An Examination of Organisational Structures
In the world of organisational management, the approach to structure can differ widely. Broadly, three significant types can be identified: classic hierarchical, matrix, and projectised structures. Each has its own advantages, disadvantages, and can considerably influence the accomplishment of project objectives.
The Classic Hierarchical Structure
The hierarchical structure, also known as a functional hierarchy, operates on a direct reporting model where every team member reports to a single project manager. The critical aspect to consider in this structure is that projects may not be the central focus, often making it challenging for projects to achieve success.
In such an environment, the project managers may lack the required authority as it is held by functional managers who typically control aspects like the project budget. Project resources, in this case, become a hurdle, as they primarily report to functional managers. It forces project managers and their team members to balance their attention between ordinary tasks and project-related responsibilities.
The Matrix Organisational Structure
The matrix structure, though still positioned in a functional hierarchy, supports projects to a greater extent compared to pure hierarchies. The power to make decisions and the priority given to projects can range from weak to strong, thereby establishing a weak, balanced, or strong matrix structure.
Within this structure, decision-making authority rests with both the project manager and functional manager. This can result in teams reporting to two managers, a challenging dynamic. In more robust matrix setups, all players, from project managers to administrative staff, dedicate their full attention to the project.
The Projectised Organisational Structure
As the name suggests, in a projectised organisational structure, projects are king. This fully project-oriented approach offers a conducive environment for project managers to meet their objectives. With this structure, project managers have almost complete authority over crucial aspects of the project, such as budgeting.

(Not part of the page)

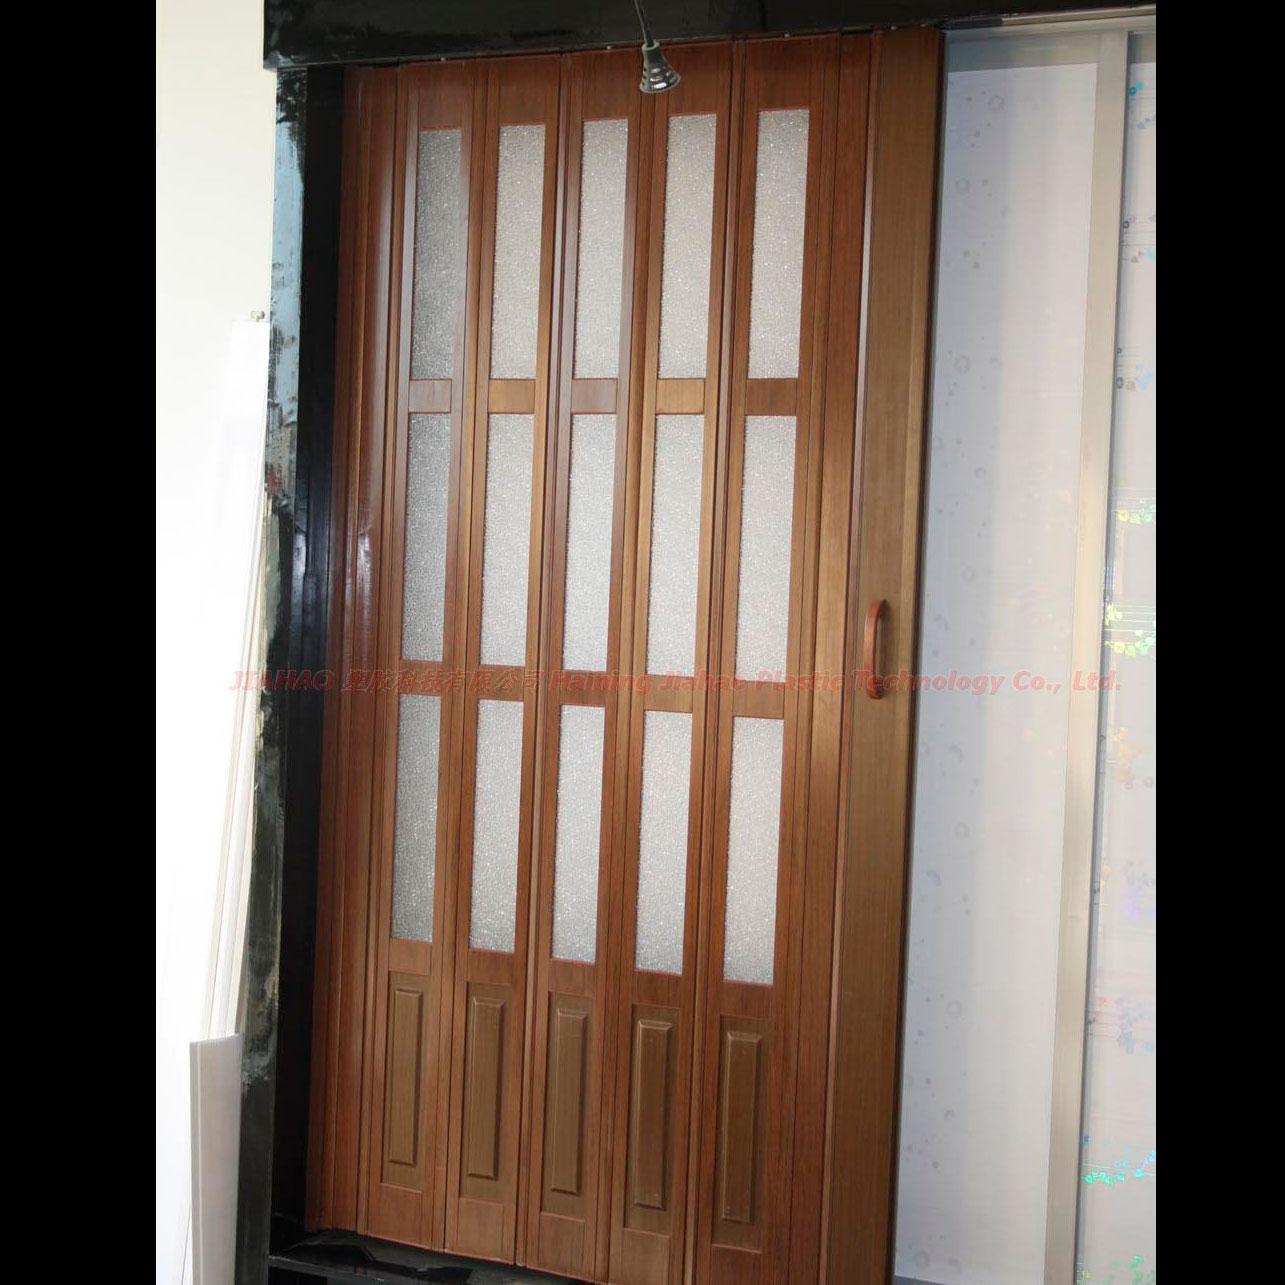 Puerta Plegable De Pvc Decorativa A La Medida Cortinashd

The resources allocated for the project are solely devoted to it, reporting directly to the project manager. Everyone associated with the project will be fully immersed in it, from project managers to the admin staff, reducing the risk of divided attention.

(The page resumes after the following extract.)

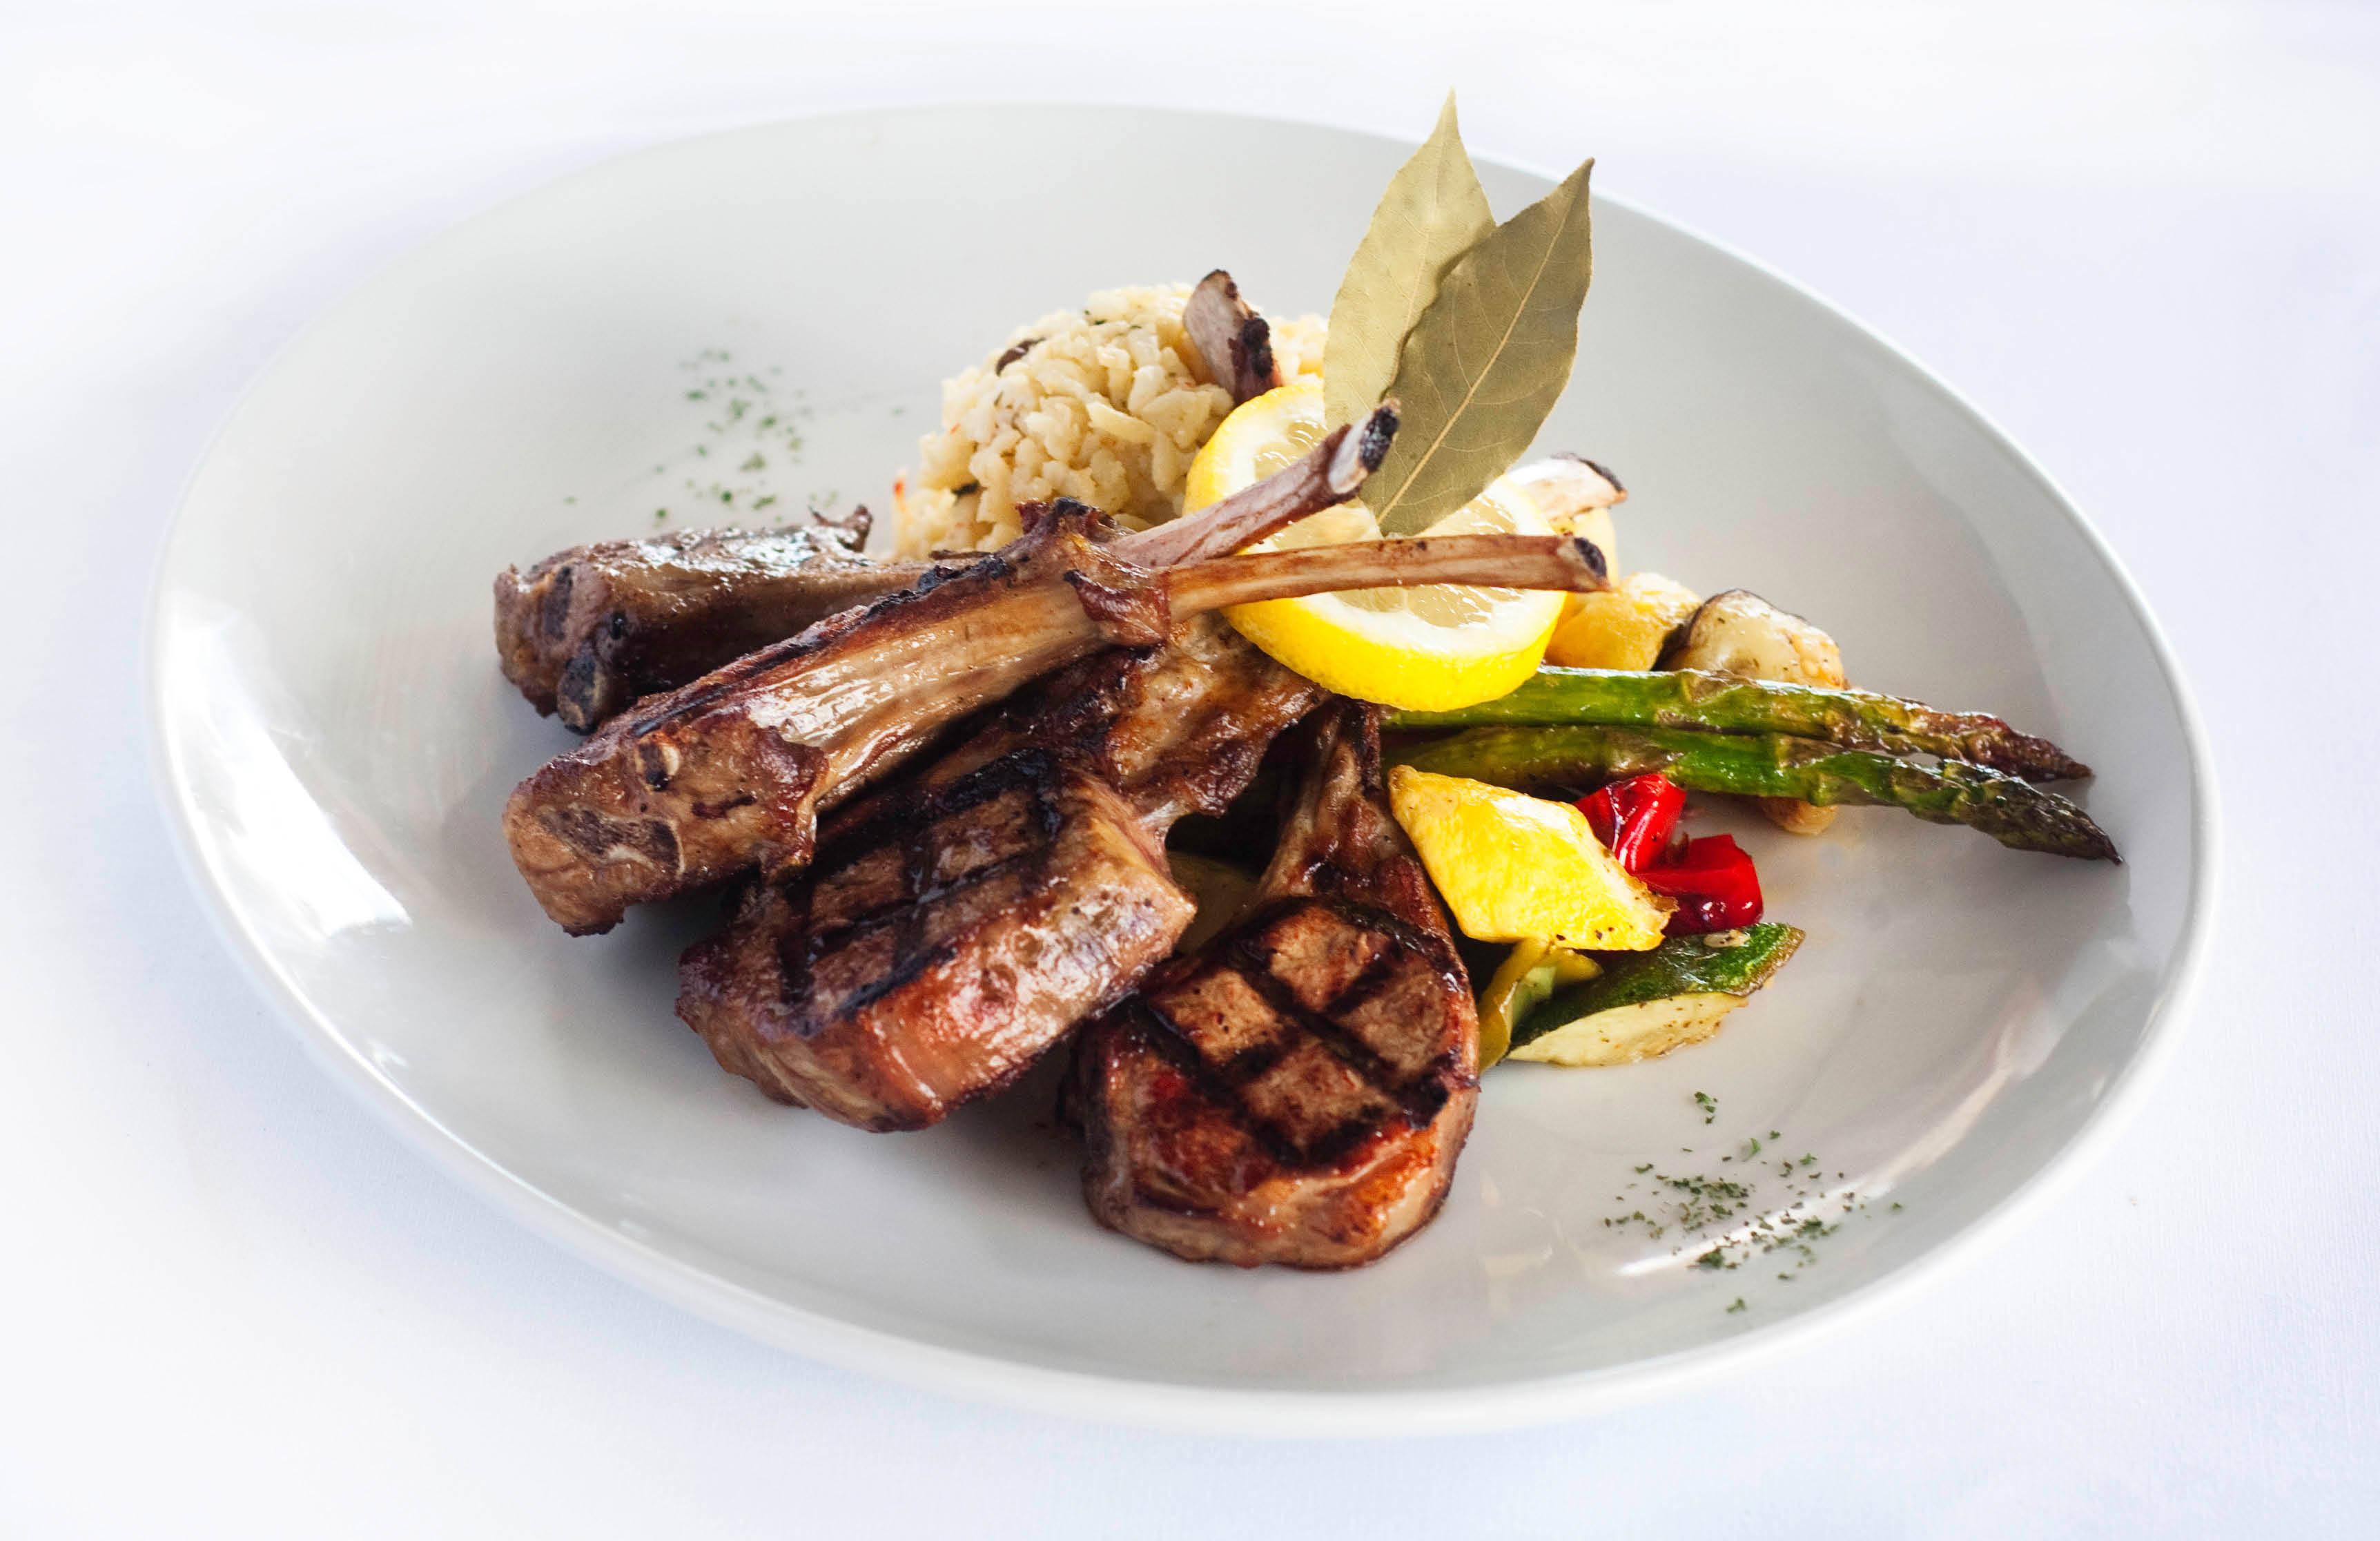 Greek food near Bradenton, FL

The Influence of Organizational Structure
The choice of an organizational structure has profound implications for the performance of individual projects. The choice of structure can directly affect how much the project managerial team can do and how easily they can ensure the success of projects, be it in budgeting, complying with dates, or generating desired outcomes.
Careful consideration is needed when deciding which structure is most suitable for an organisation. The choice will profoundly impact project performance, the project manager’s role, and the success chances of any undertaken projects. An incorrect organisational structure can lead to confusion and underperformance, which, while not irreversible, can be disruptive if a restructuring is necessary.